→ **PROVIDED DATA**:
>>>

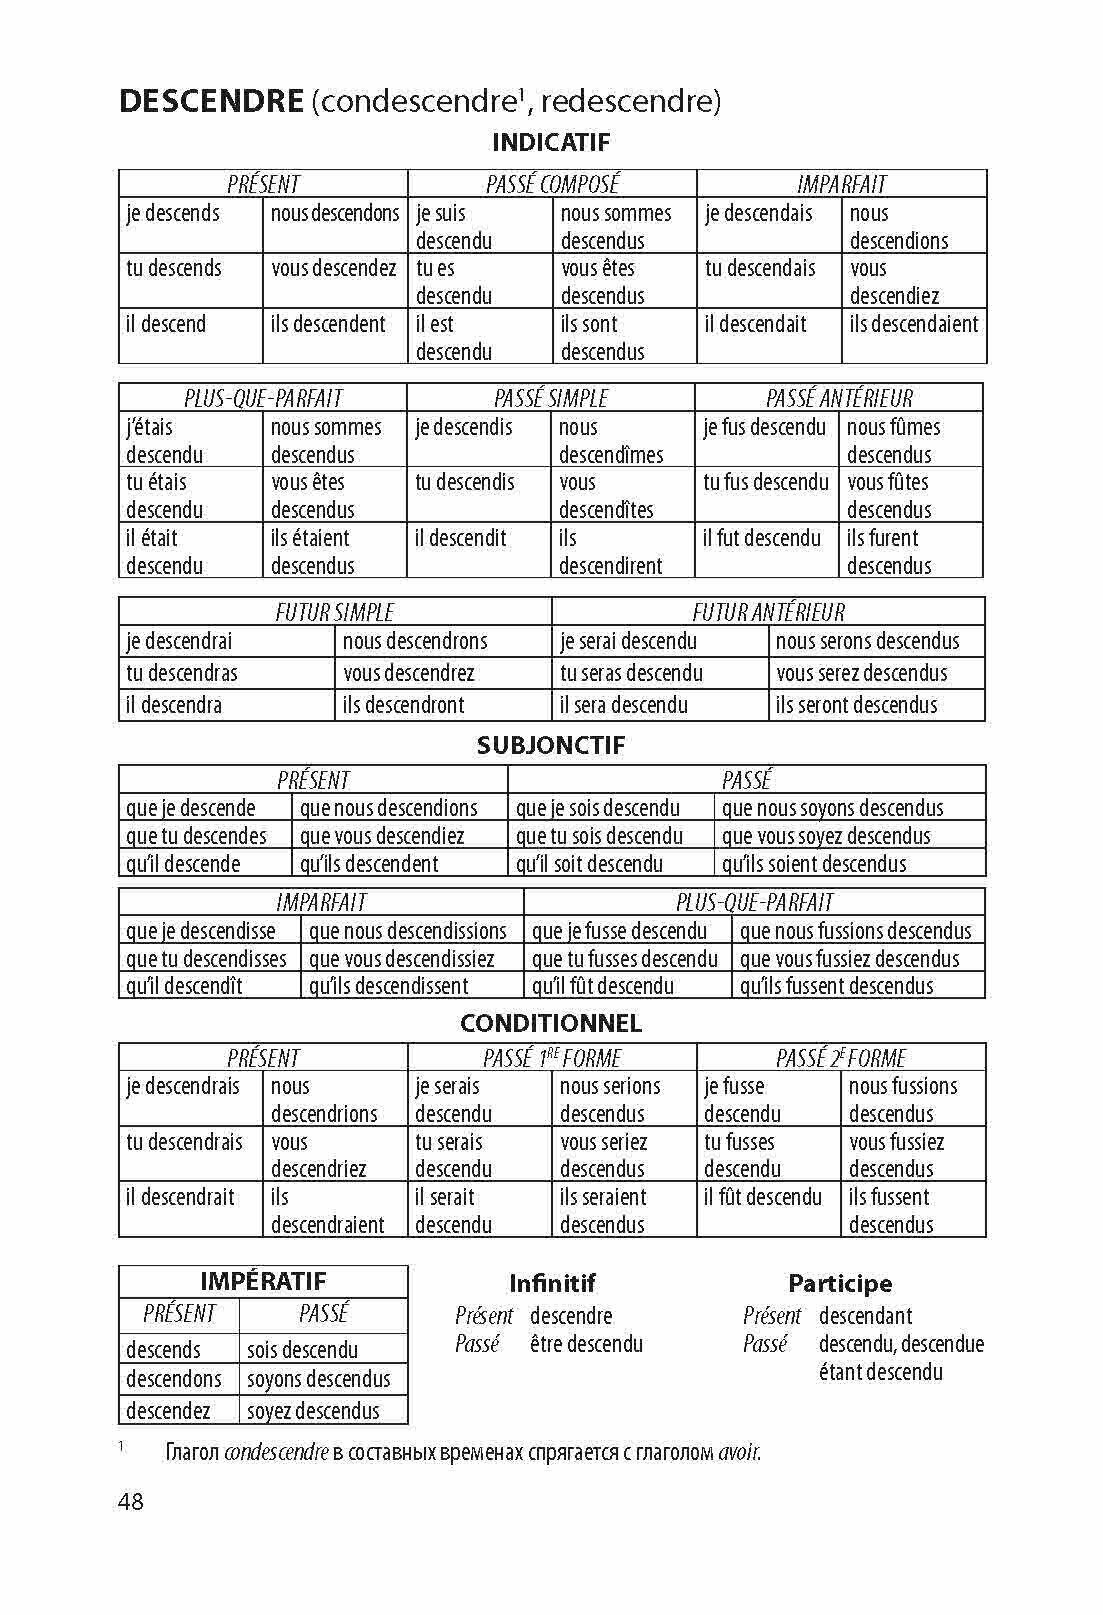 Французские глаголы в таблицах - фото №7
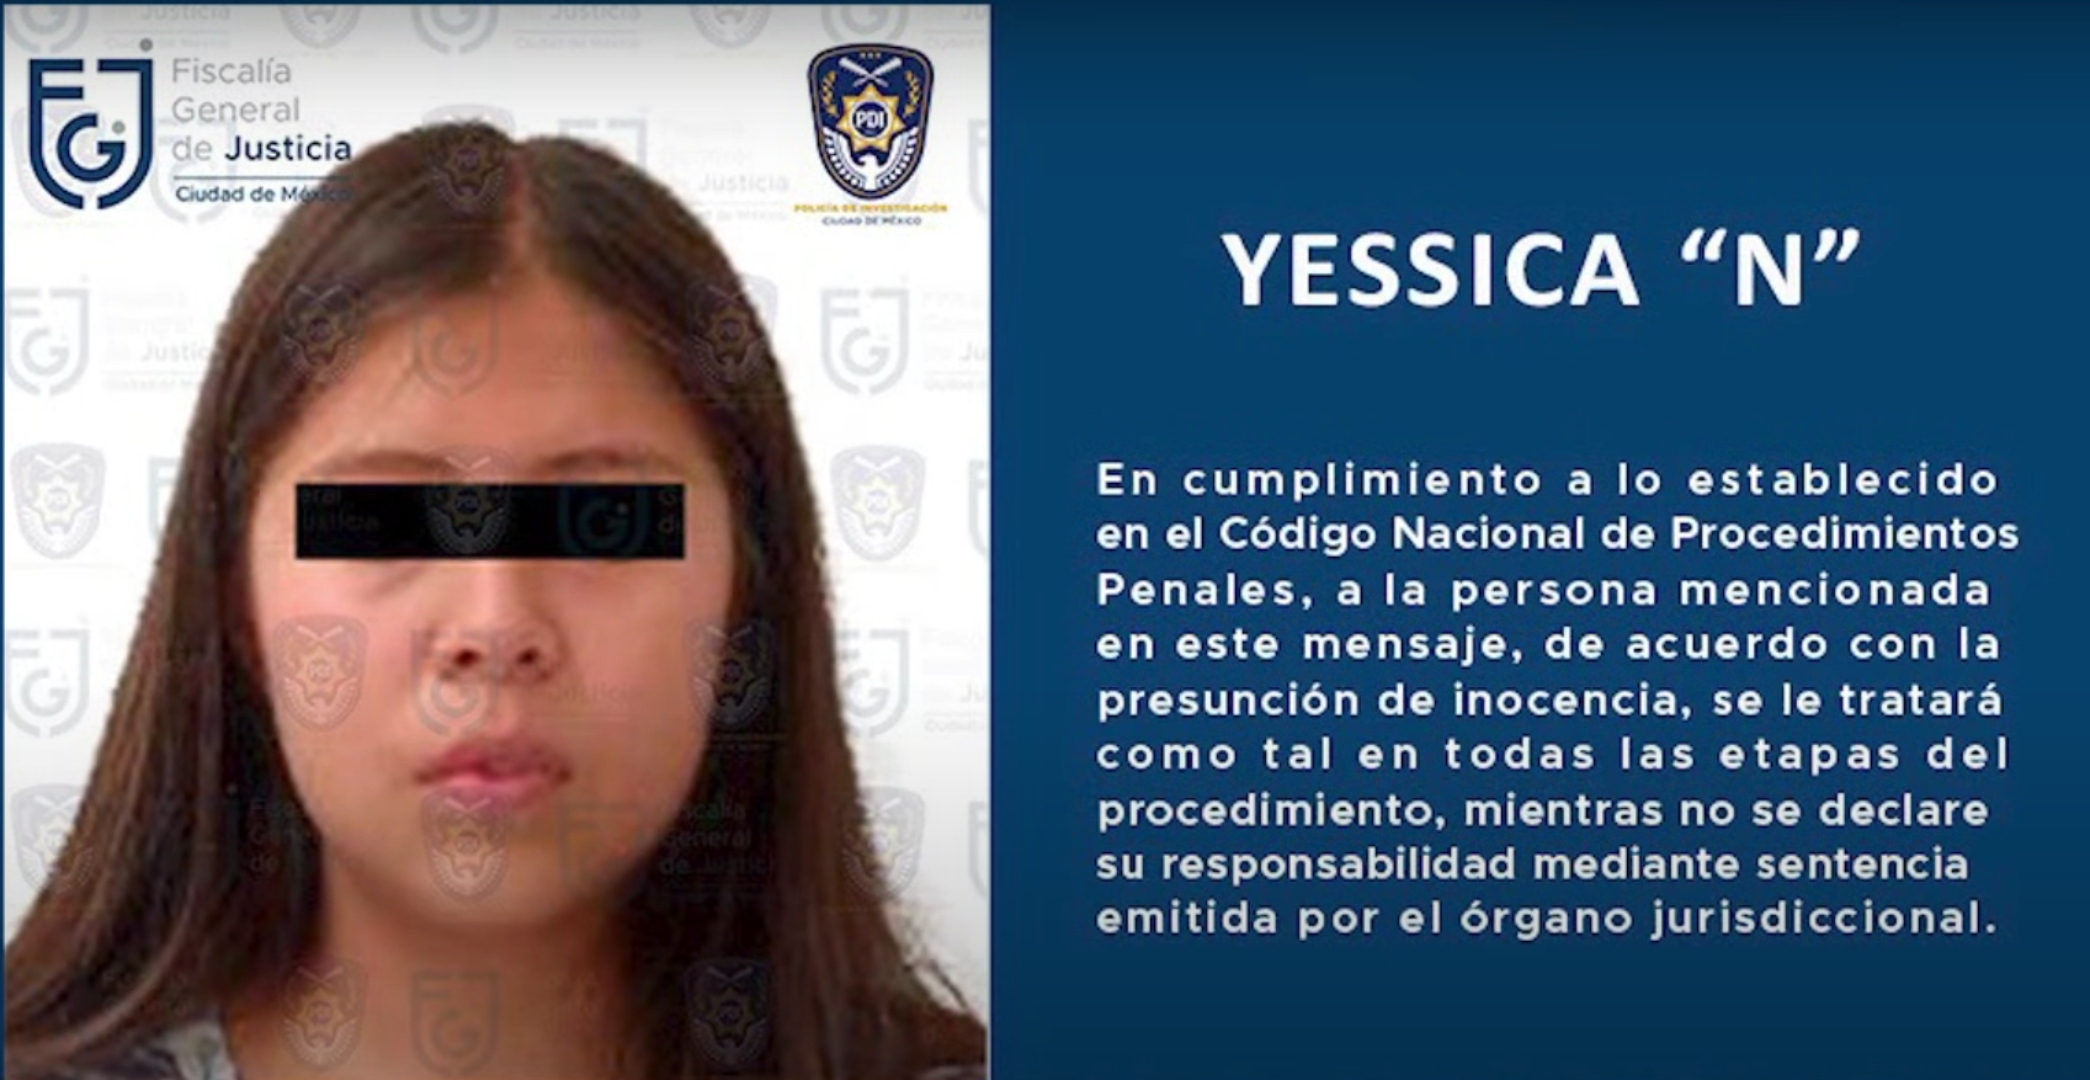 Cayó Jessica “N”, presunta responsable del feminicidio de Patxy Ximena afuera de Bachilleres 2
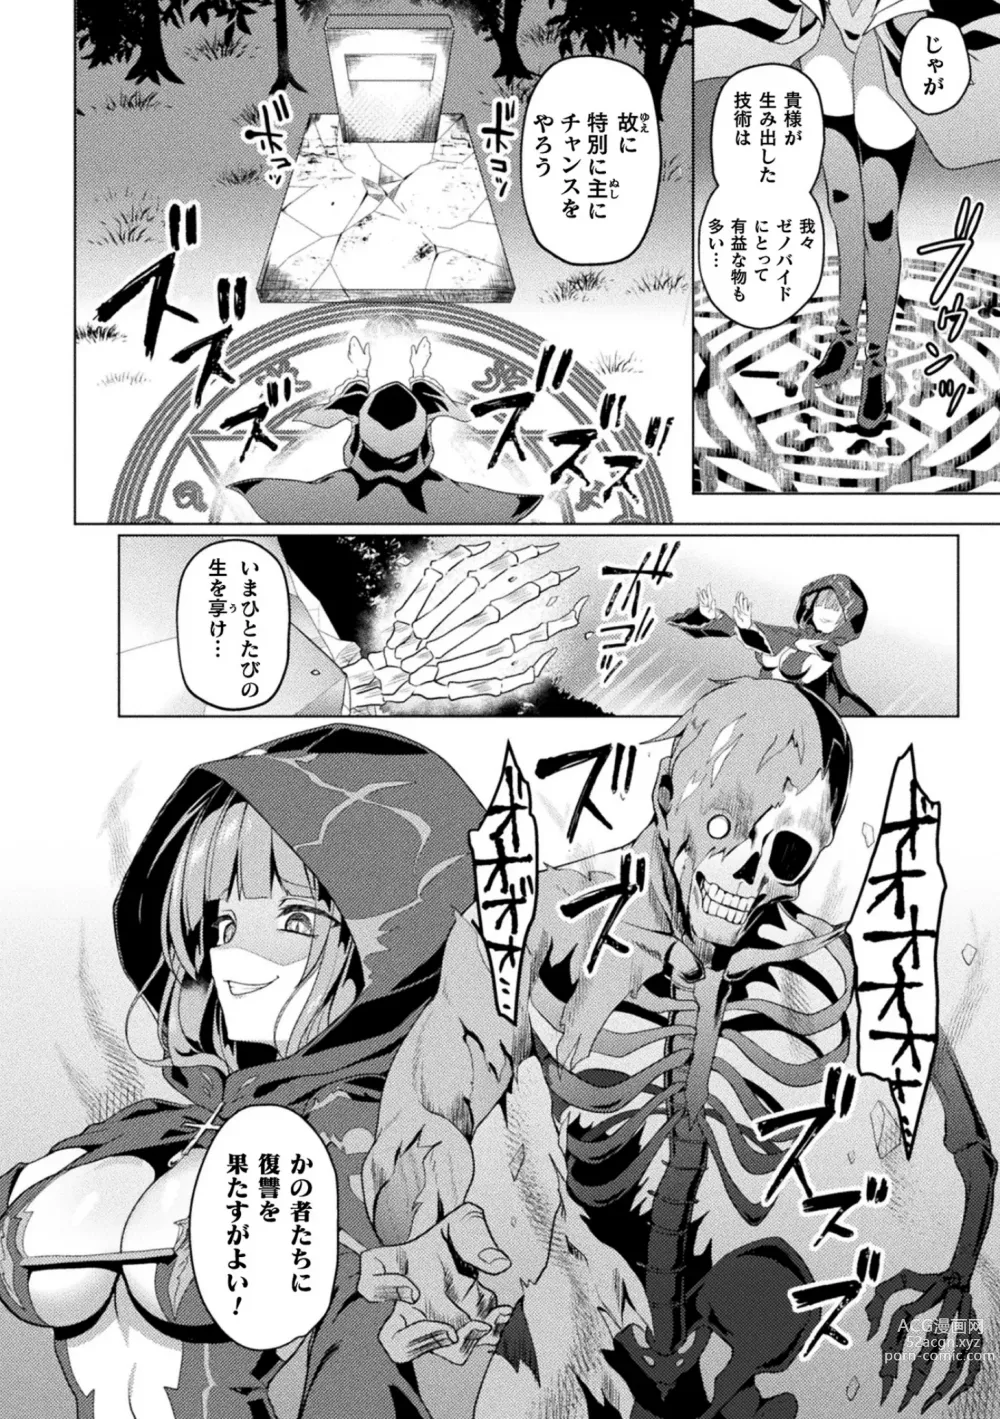 Page 6 of manga Kukkoro Heroines Vol. 31

<<<

→ **GOAL OF THE EXERCISE**: Pictures are to be excluded; all other material must be transcribed exactly.

→ **ANSWER SPACE**:
 Французские глаголы в таблицах - фото №7
 Cayó Jessica “N”, presunta responsable del feminicidio de Patxy Ximena afuera de Bachilleres 2
 Page 6 of manga Kukkoro Heroines Vol. 31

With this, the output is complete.